• _What the exercise asks_: For this exercise, transcribe every line of the material exactly and skip the pictures.

• _Data segment_:
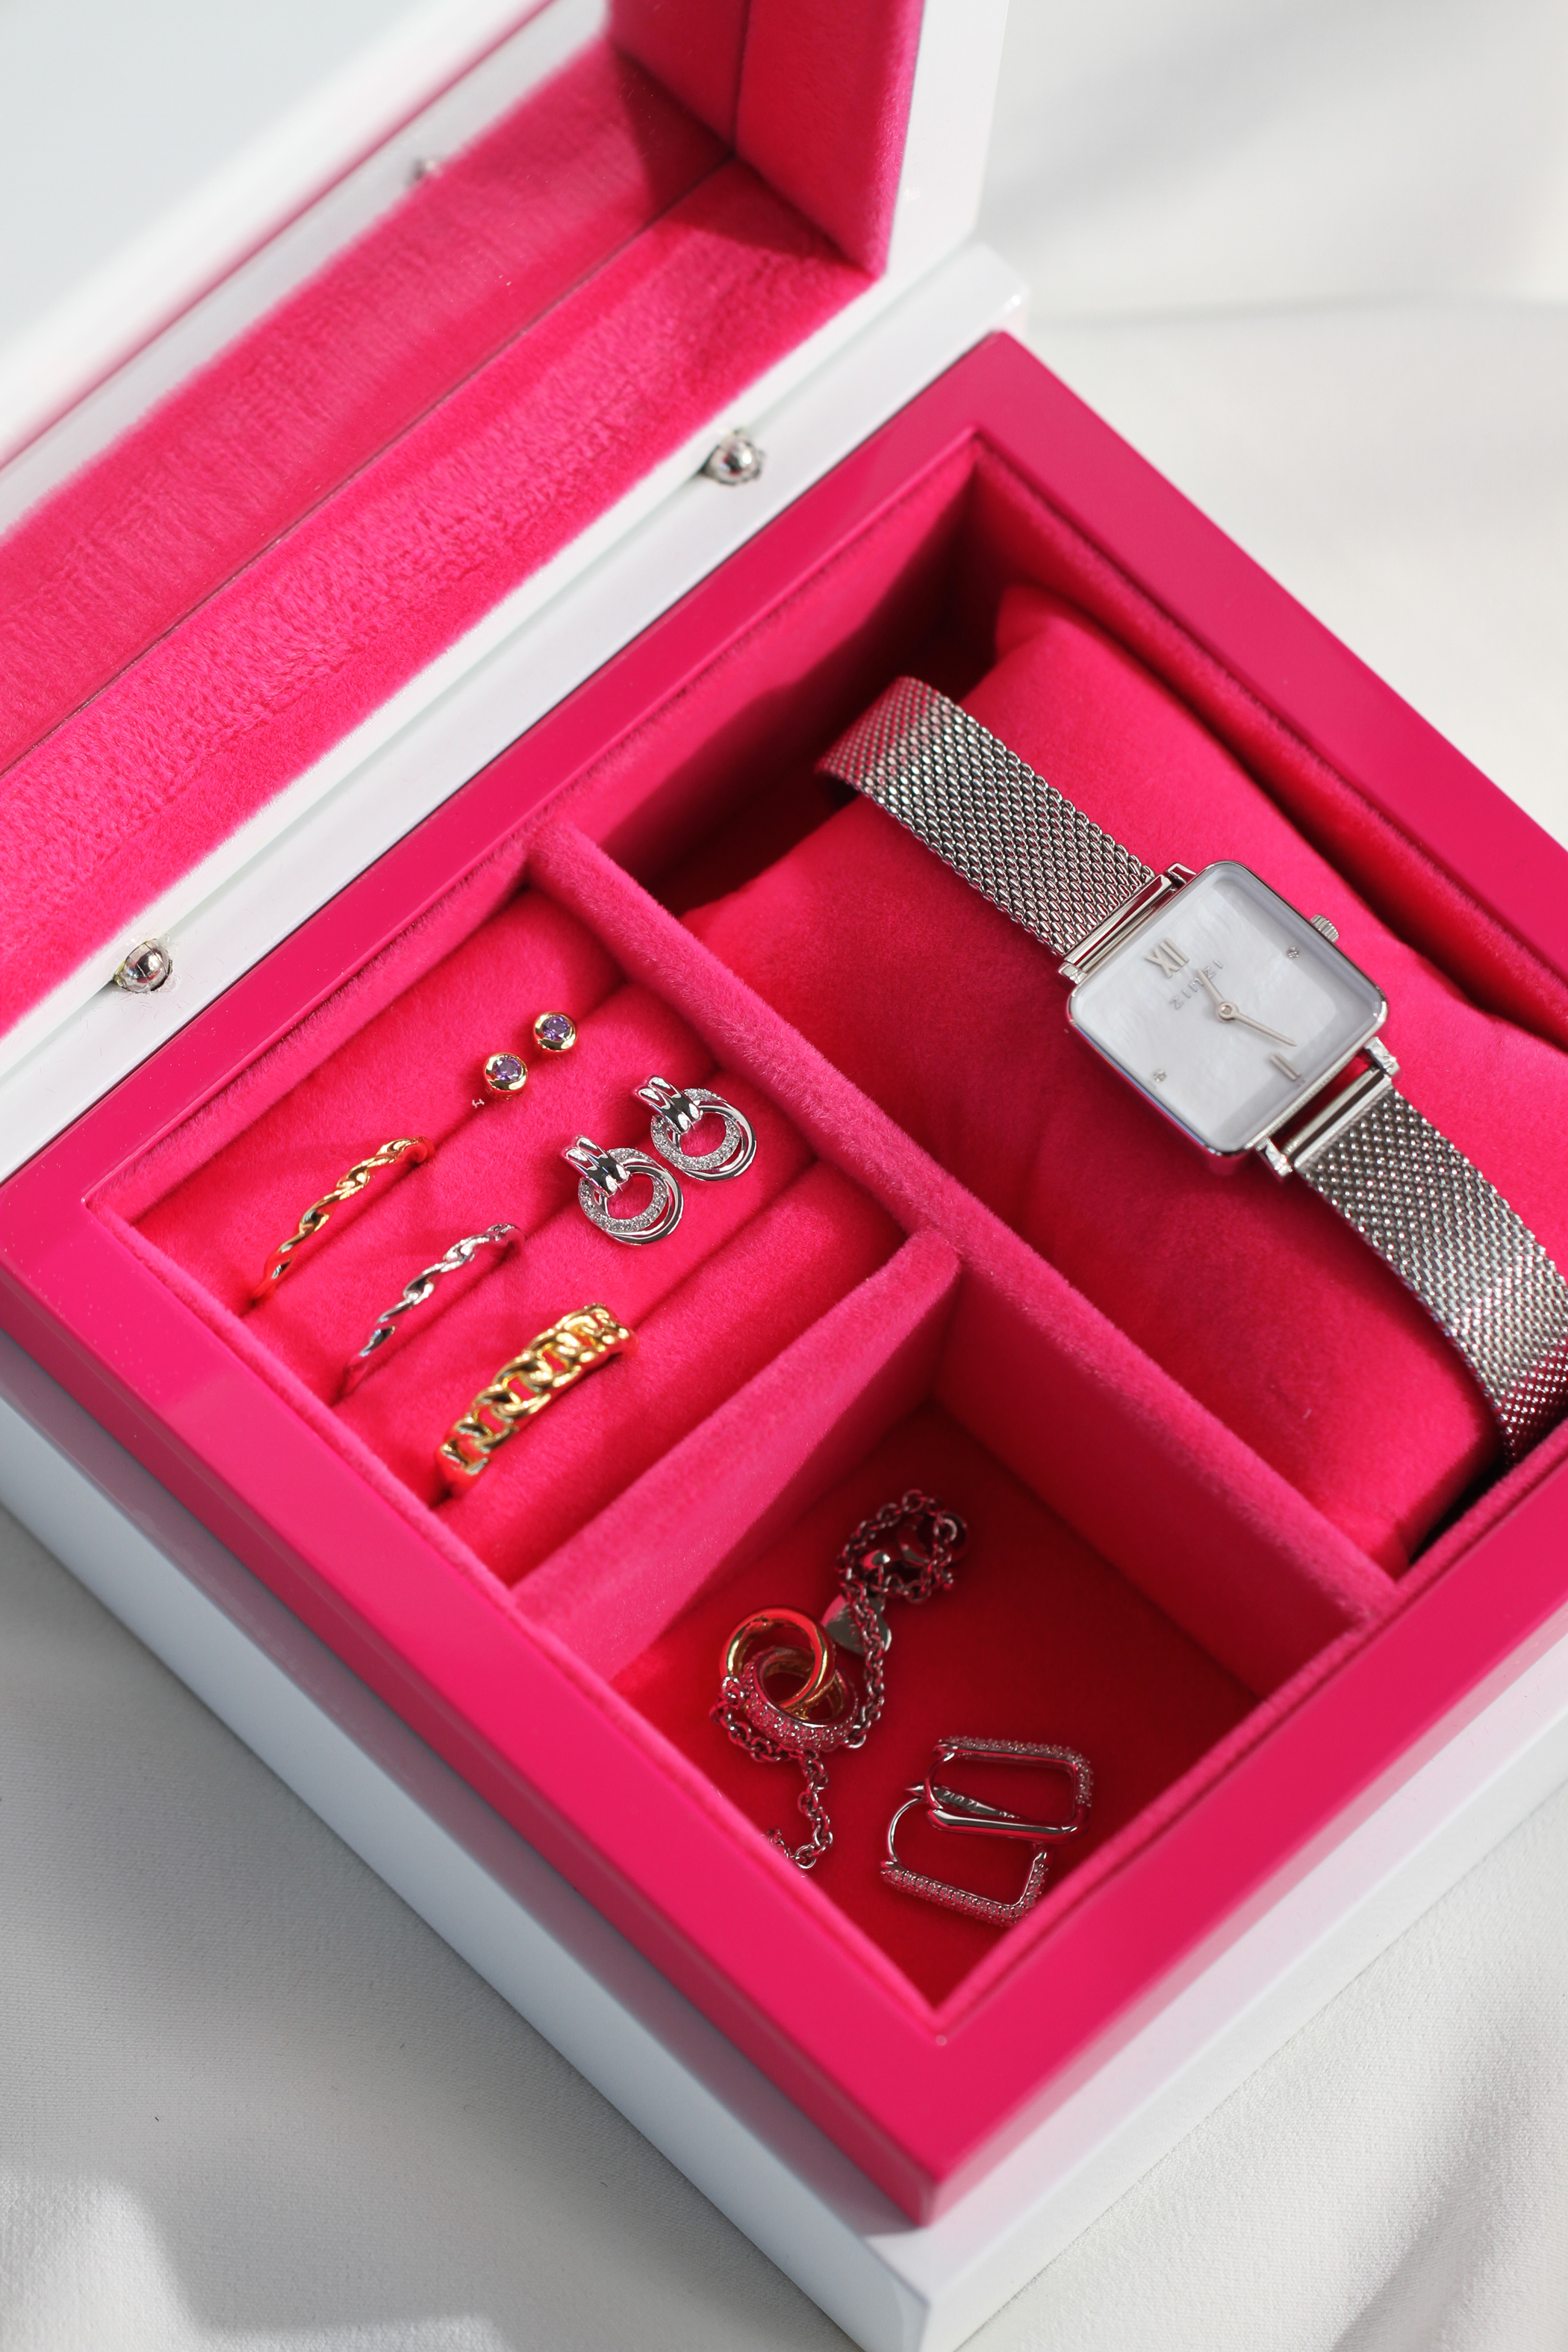 ZINZI Jewellery Box Pink JEWELBOX
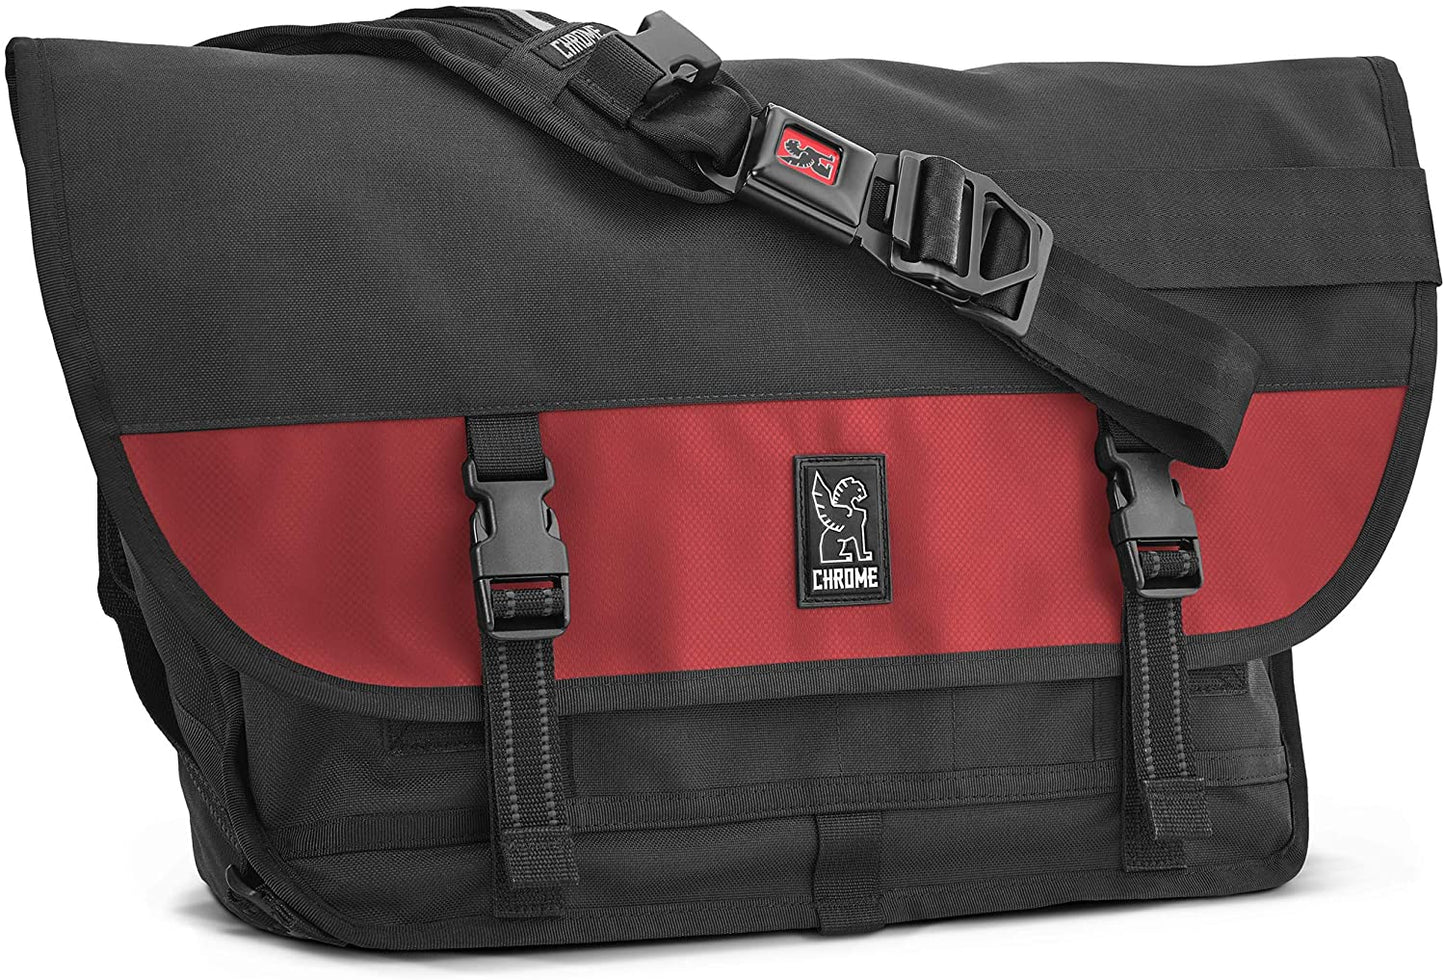 Chrome Industries Citizen Messenger Bag - 17 Inch Laptop Satchel with Signature Belt Buckle Closure, 24 Liter
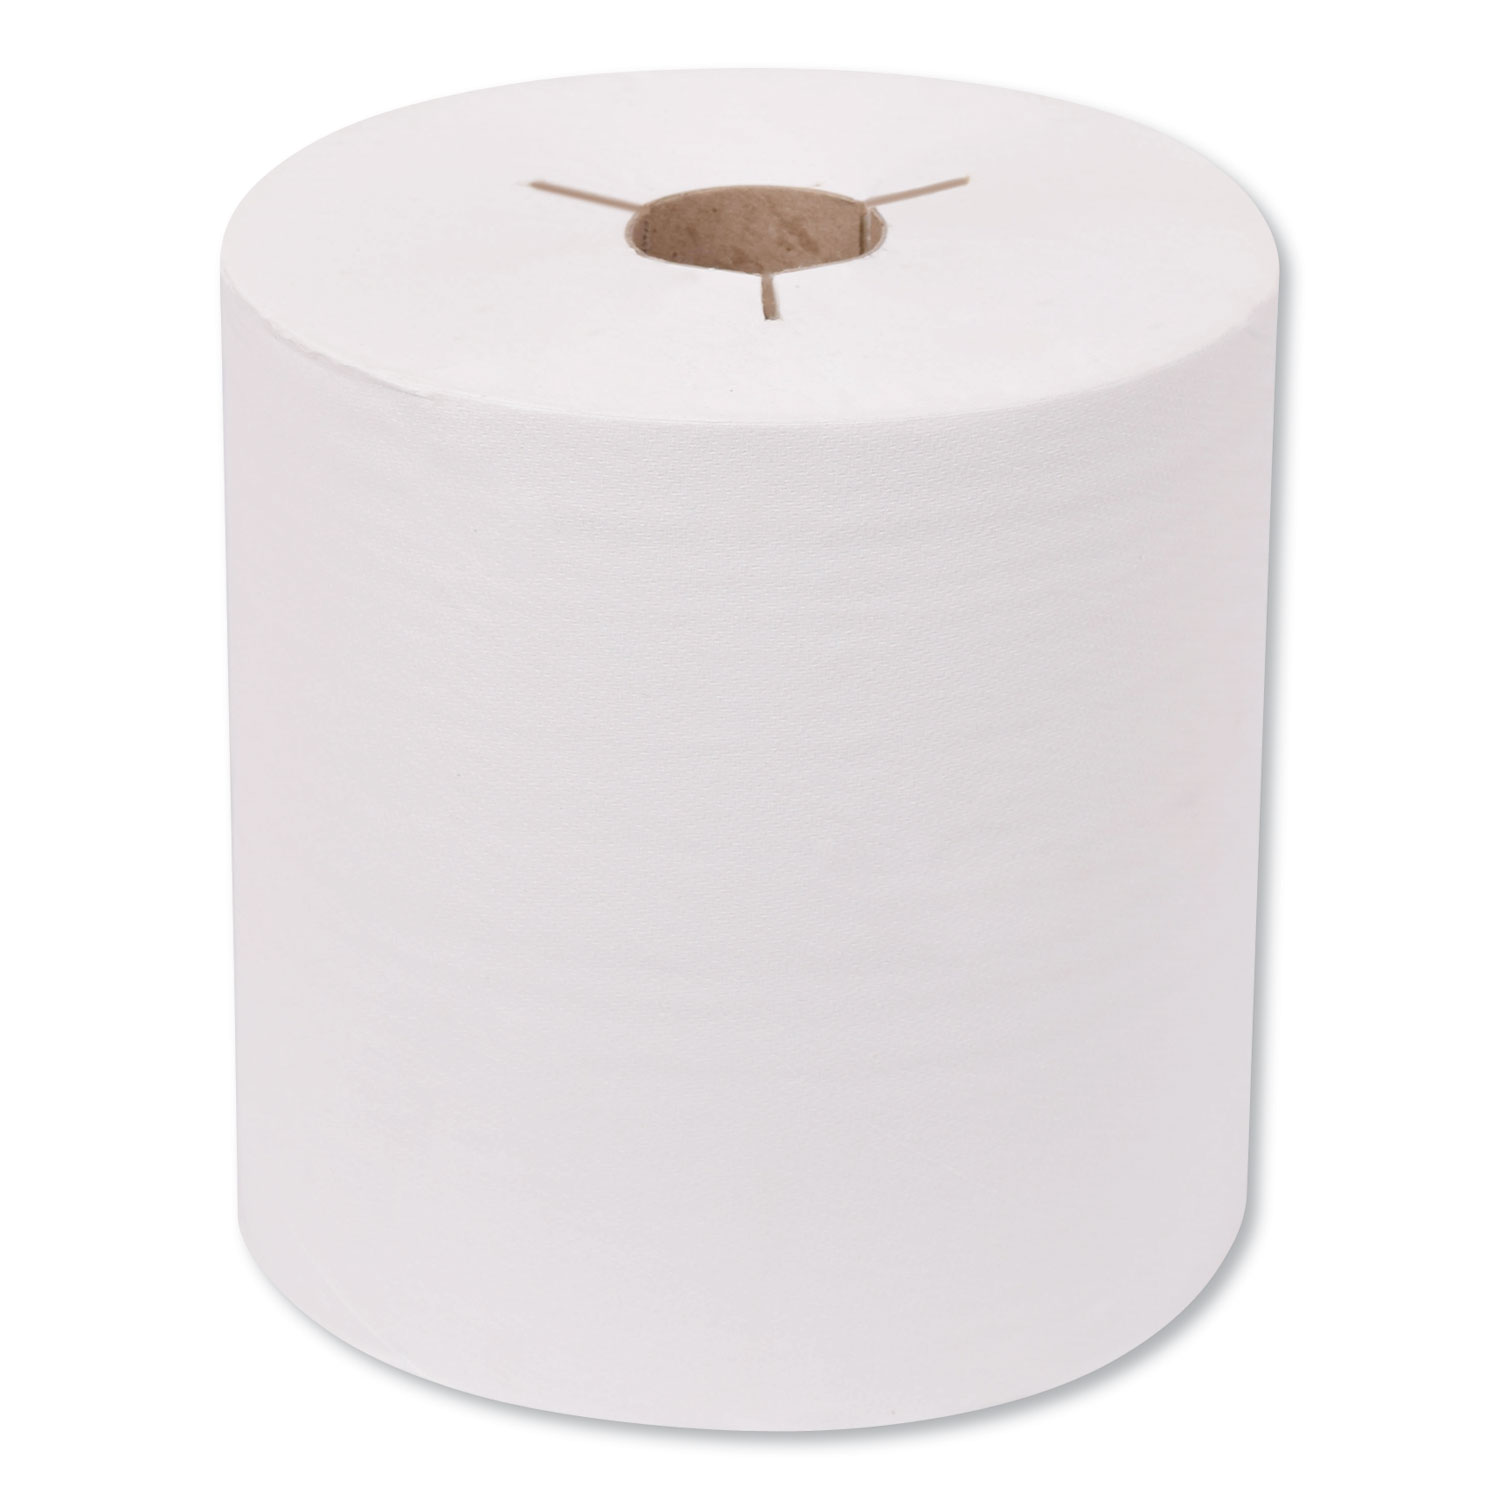  Tork 8038040 Advanced Hand Towel Roll, Notched, 8 x 800 ft, White, 6 Rolls/Carton (TRK8038040)

• _Response below_:
 ZINZI Jewellery Box Pink JEWELBOX
 Chrome Industries Citizen Messenger Bag - 17 Inch Laptop Satchel with Signature Belt Buckle Closure, 24 Liter
  Tork 8038040 Advanced Hand Towel Roll, Notched, 8 x 800 ft, White, 6 Rolls/Carton (TRK8038040)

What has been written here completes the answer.